Is there really a “Nonprofit Industrial Complex?”
District 6 Supervisor Matt Dorsey is uncomfortable with the term. “But I’ve also been frustrated to go to the budget committee and see so many employees of nonprofits spending their day there lobbying for more money,” he told The Voice in a recent interview. Which is why Dorsey says it’s time to level the playing field by requiring more transparency from city-funded nonprofits that lobby.
He went on to describe a budget committee meeting back in May where employees of the San Francisco Pretrial Diversion Project testified one after another in favor of the Sheriff’s Department continuing to contract with the agency despite enough doubts about their services that the San Francisco Superior Court proposed that they be handled in-house by the city’s Adult Probation Department instead.

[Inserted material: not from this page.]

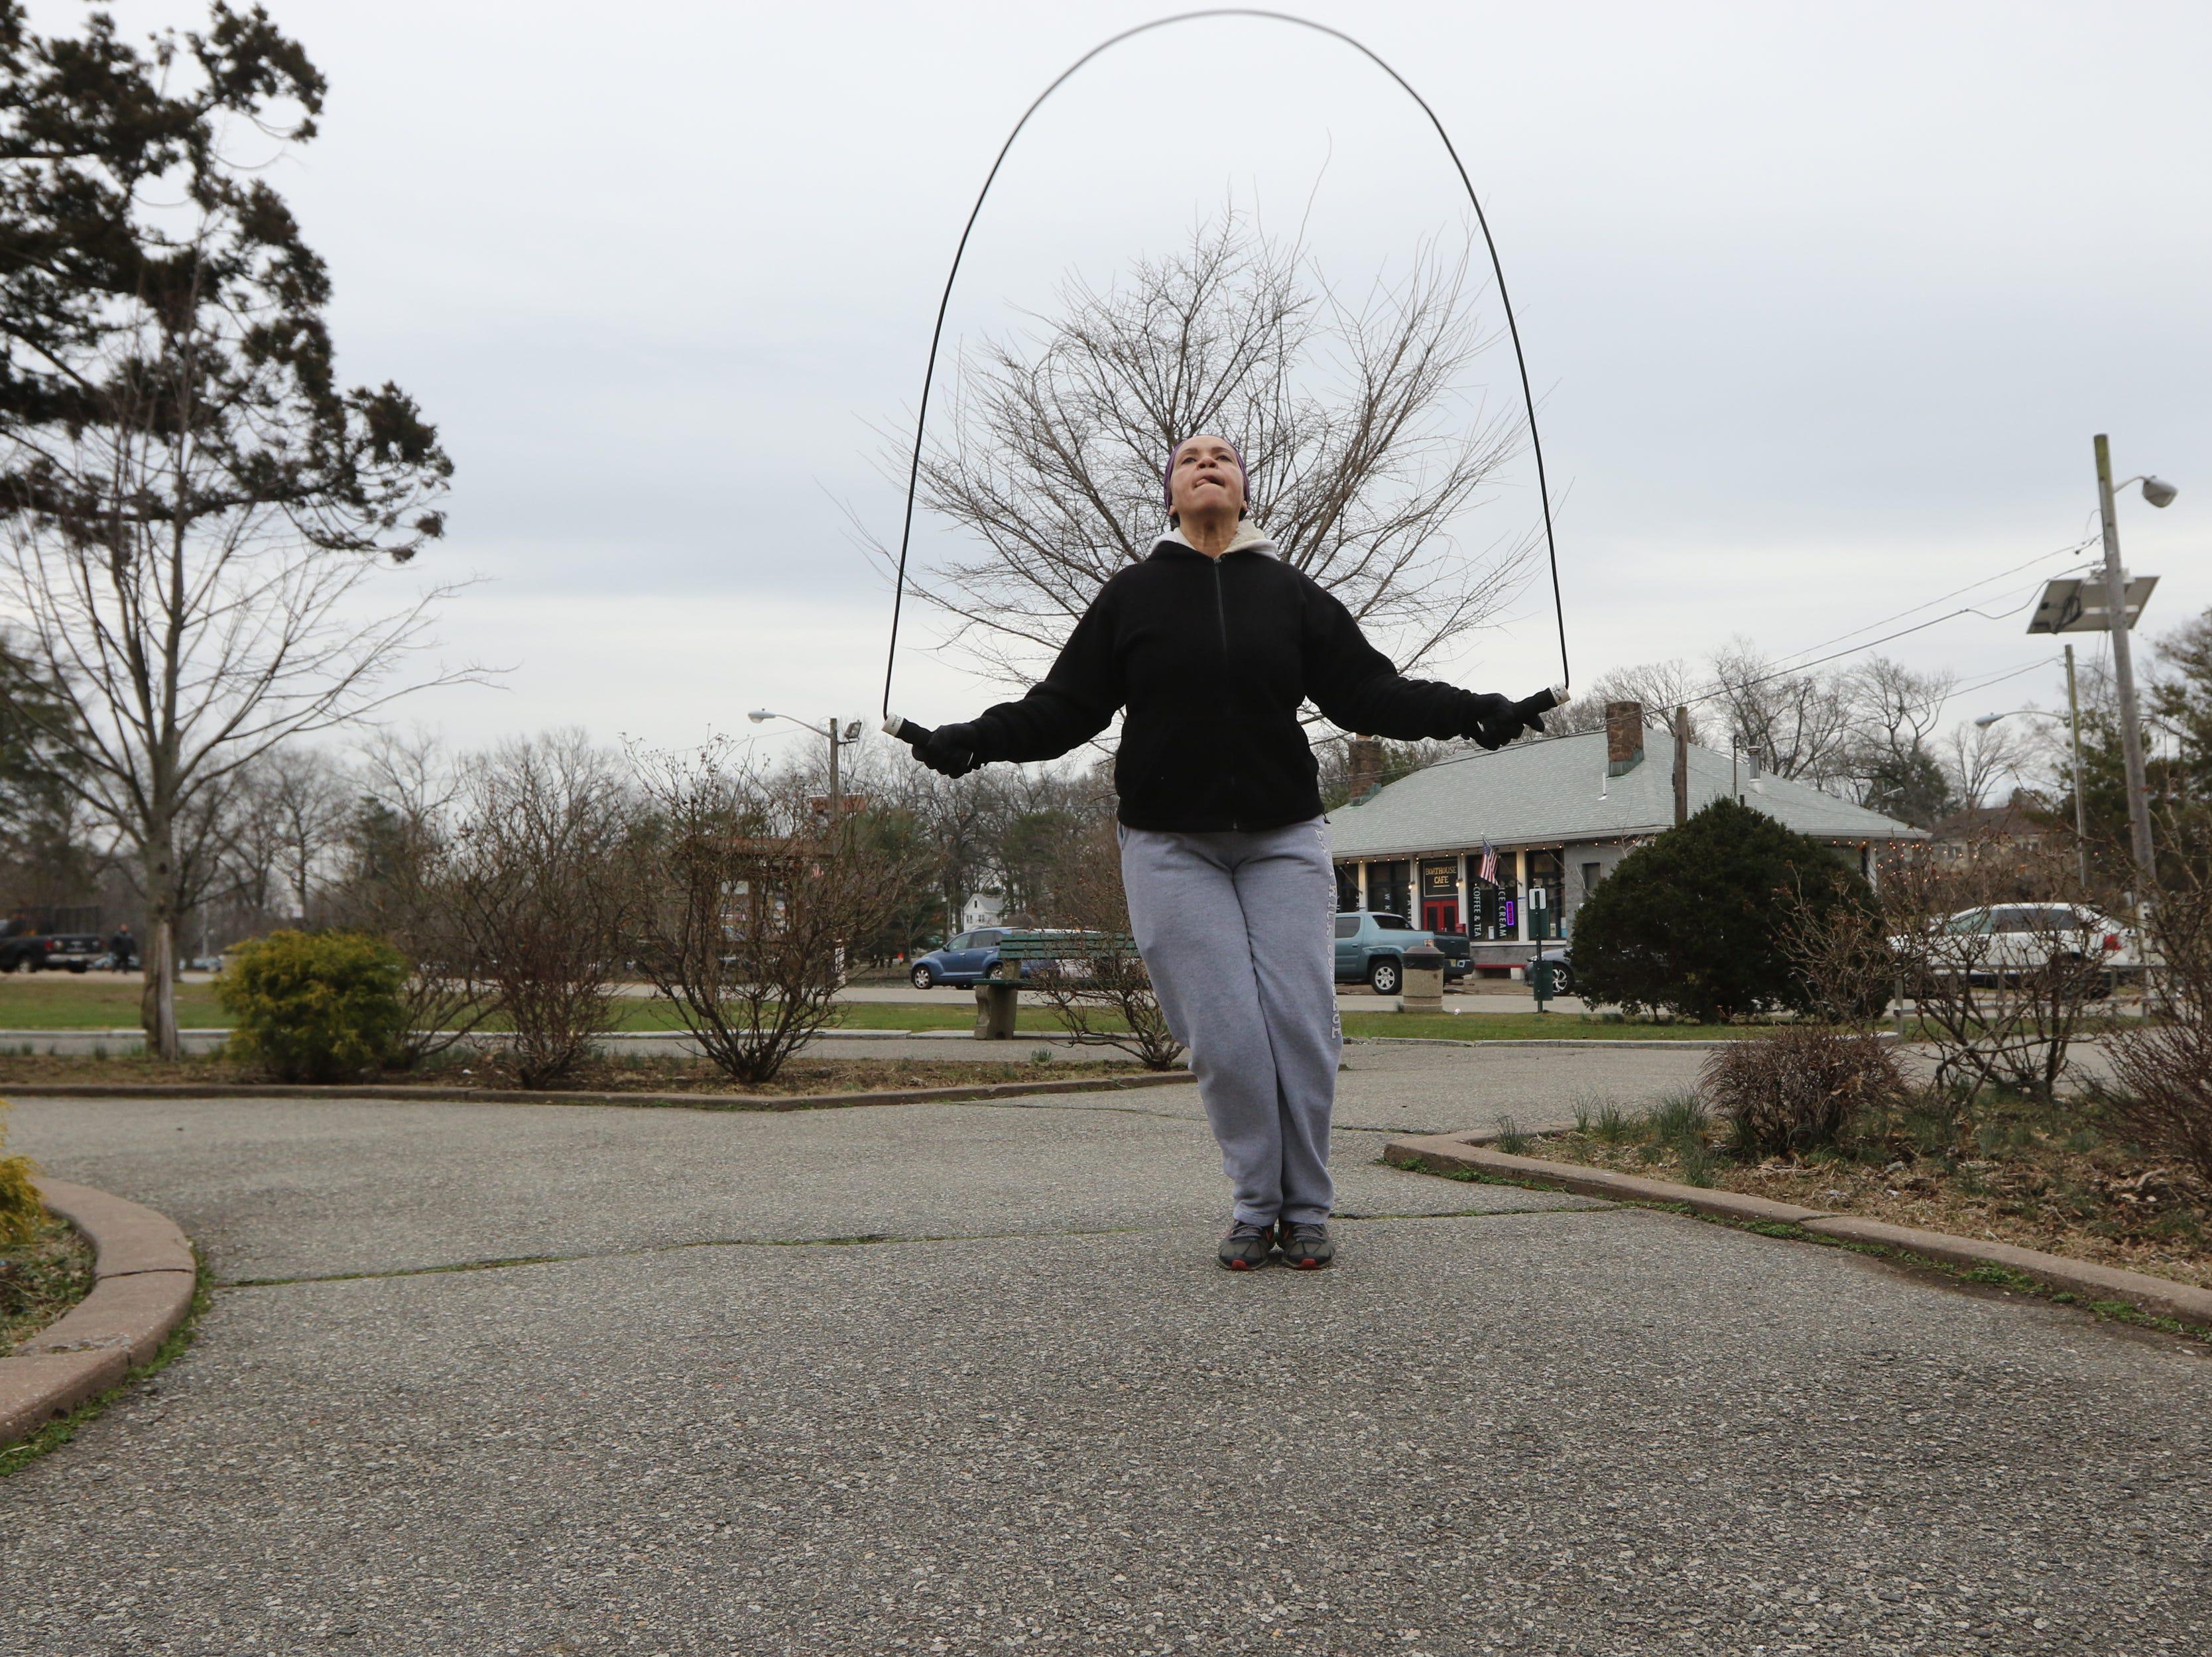 Berkis Baez jumps rope at Third Ward Park, in Passaic. Monday, March 25, 2019

“I asked my intern, ‘Could you count who’s doing the public comment on this item,” Dorsey related. “It turned out that 18 out of 30 who testified were employees or board members of the Pretrial Diversion Project.”
San Francisco’s Campaign and Governmental Conduct Code requires most individuals and groups seeking to influence legislation and policy to register with the Ethics Commission and file regular activity reports. Nonprofits are famously exempt from the rules. The SOMA supervisor wants to introduce legislation that would remove that exception.
City Hall watchers are familiar with the infamous “addback day” during the budget process, which routinely features hours of public comment dominated by nonprofit groups and their allies. The point is simple: lobbying by nonprofit service providers has made them influential players in shaping San Francisco’s social policy, especially when they are seeking to maintain the city contracts they depend upon for their existence.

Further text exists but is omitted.